Dans son discours de fin d’année le 31 décembre, Paul Biya est revenu sur la crise séparatiste qui secoue le Cameroun depuis deux ans déjà. Le chef de l’État a évoqué les multiples mains tendues du gouvernement de Yaoundé «pour éviter le recours à des mesures extrêmes», sans exclure cependant l’intensification de l’option militaire.
«Si l’appel à déposer les armes que j’ai lancé aux entrepreneurs de guerre reste sans réponse, les forces de défense et de sécurité recevront instruction de les neutraliser», a martelé Paul Biya à l’occasion de son discours de fin d’année, le 31 décembre.
Dans son adresse au Cameroun à l’occasion du Nouvel An, le Président Paul Biya manie la carotte et le bâton face aux séparatistes dans le cadre de la crise qui secoue les régions anglophones du pays depuis deux ans. S’il brandit la menace d’intensifier les opérations militaires, il est aussi revenu sur les multiples gestes d’apaisement que Yaoundé a faits en direction des séparatistes. Il a notamment évoqué la création d’un comité de désarmement et de réintégration et d’une commission de promotion du bilinguisme.
«Je suis bien conscient en effet de la désolation que ces insurgés infligent aux populations de ces régions… Dans un esprit de concorde nationale, j’ai décidé, pour éviter le recours à des mesures extrêmes, de créer un « Comité national de désarmement, de démobilisation et de réintégration »», a-t-il rappelé.
Des mesures parmi tant d’autres, comme l’arrêt des poursuites décidé par Paul Biya contre 289 personnes arrêtées dans le cadre de cette crise. Malgré le durcissement de ton, le Président camerounais précise néanmoins qu’il reste ouvert au dialogue.
«Par ailleurs, j’entends poursuivre le dialogue engagé avec les personnes de bonne volonté pour un retour définitif à la paix.»
Intégralité du discours de Paul Biya à l’occasion de la présentation des vœux à la nation, le 31 décembre 2018.
Pour l’instant dans le pays, les démarches entreprises par le gouvernement semblent inefficaces, au vu de la montée en puissance des violences dans les deux régions anglophones, avec un risque d’embrasement des régions frontalières, où des attaques récentes ont été enregistrées.
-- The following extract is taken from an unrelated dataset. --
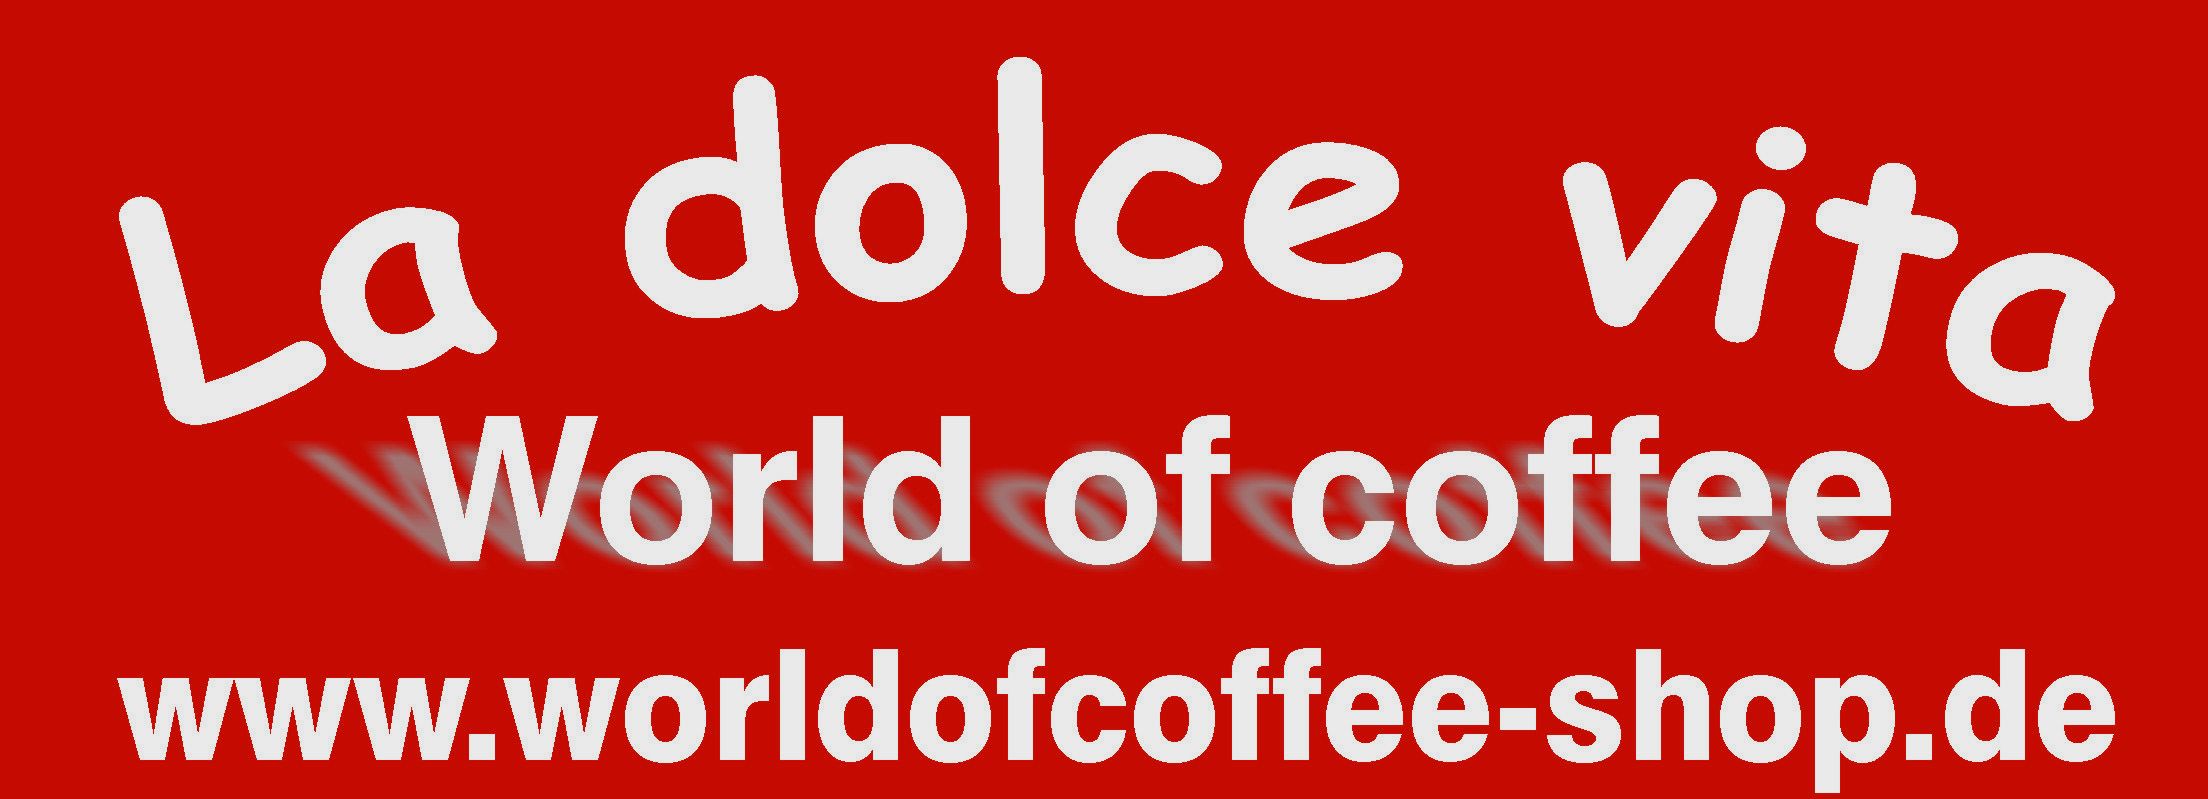 La dolce vita & World of coffee

Dans une interview accordée le 10 décembre 2018, Joseph Léa Ngoula, analyste des conflits et du terrorisme, attribuait déjà l’enlisement de la situation au durcissement du ton de Yaoundé au début de la crise:
«Après une séquence de négociation politique, qui a débouché sur quelques concessions techniques, le gouvernement a durci sa réponse, se privant par le même effet d’interlocuteurs modérés et laissant un boulevard à une nébuleuse séparatiste, présente dans l’arène politique locale depuis le début des années 80.
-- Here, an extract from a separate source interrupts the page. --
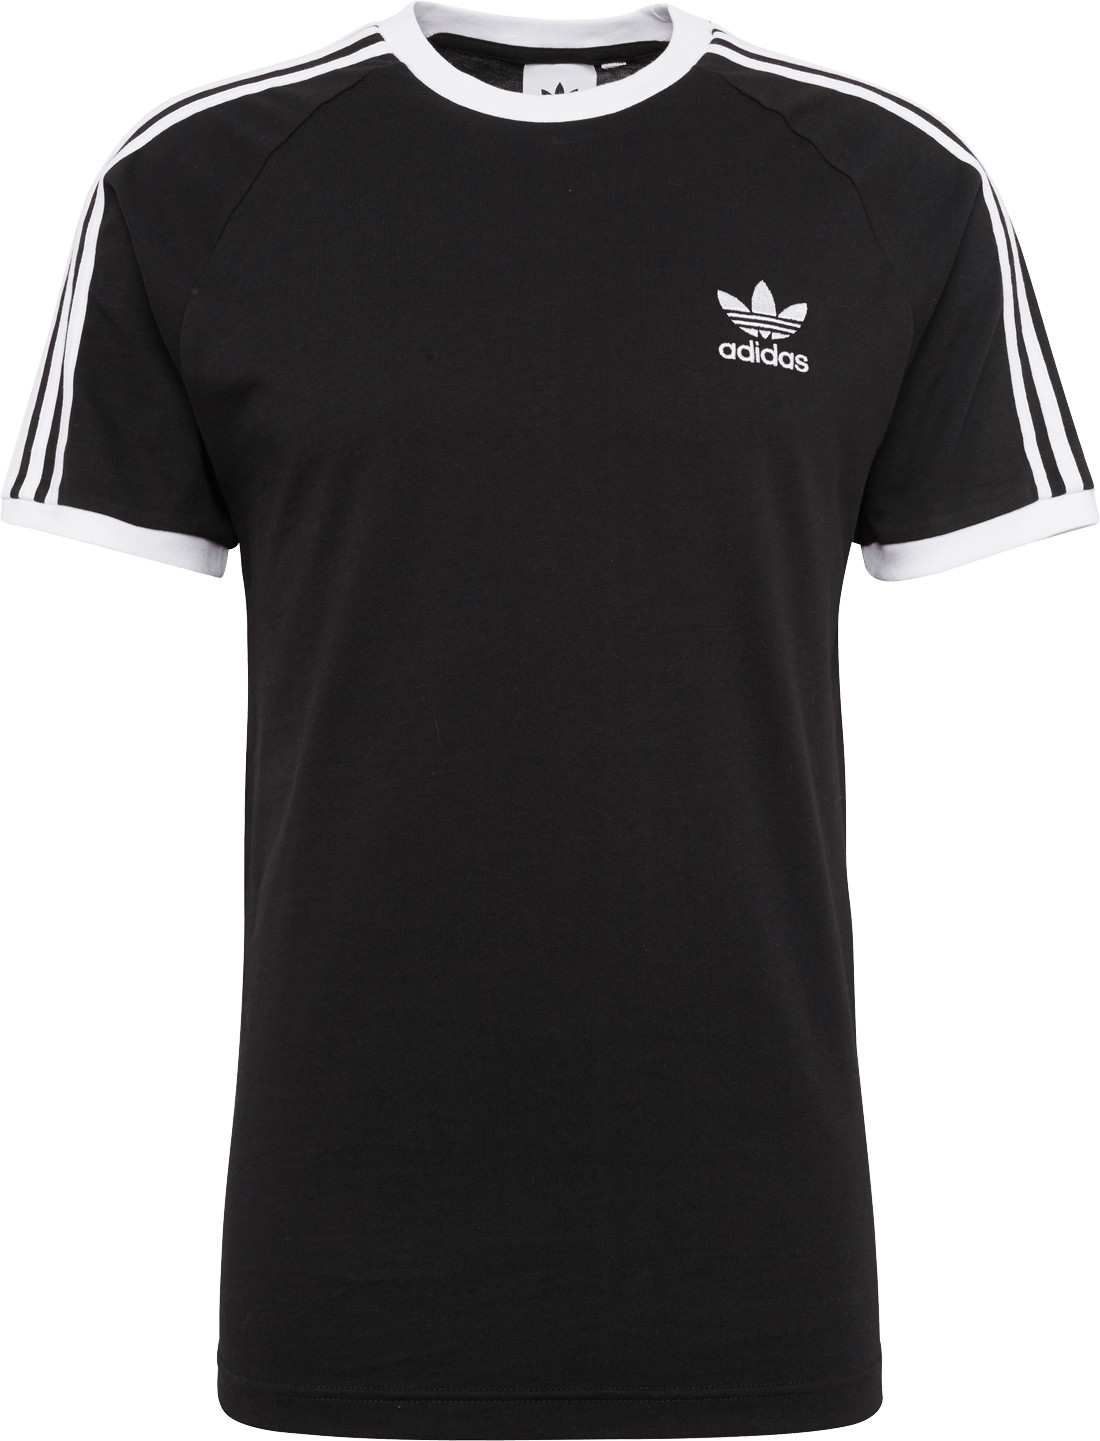 Adidas 3-Stripes T-Shirt black

Les revendications indépendantistes ou restaurationnistes ont très vite supplanté les demandes de fédéralisme portées au départ par le consortium de la société civile anglophone, pionnier de la contestation, aujourd’hui interdit par le gouvernement.»
L’analyste des questions sécuritaires préconisait le dialogue pour sortir de cette crise; certaines de ces mesures d’apaisement ont d’ailleurs entre-temps été appliquées:
«Il est temps d’écouter les propositions alternatives formulées par la société civile, l’opposition politique, les organismes internationaux et l’aile modérée du mouvement anglophone. Ces solutions comprennent des actions sur le court terme qui peuvent contribuer à la désescalade: l’arrêt des poursuites judiciaires contre une partie des prisonniers arrêtés dans le cadre de la répression de la contestation, y compris les leaders.»
Pour autant, la situation sécuritaire au Cameroun reste très tendue. Alors que le pays subit des attaques persistantes des djihadistes de Boko Haram dans le nord du pays, un conflit est en cours entre l’armée et des séparatistes dans les deux régions anglophones du pays depuis 2017.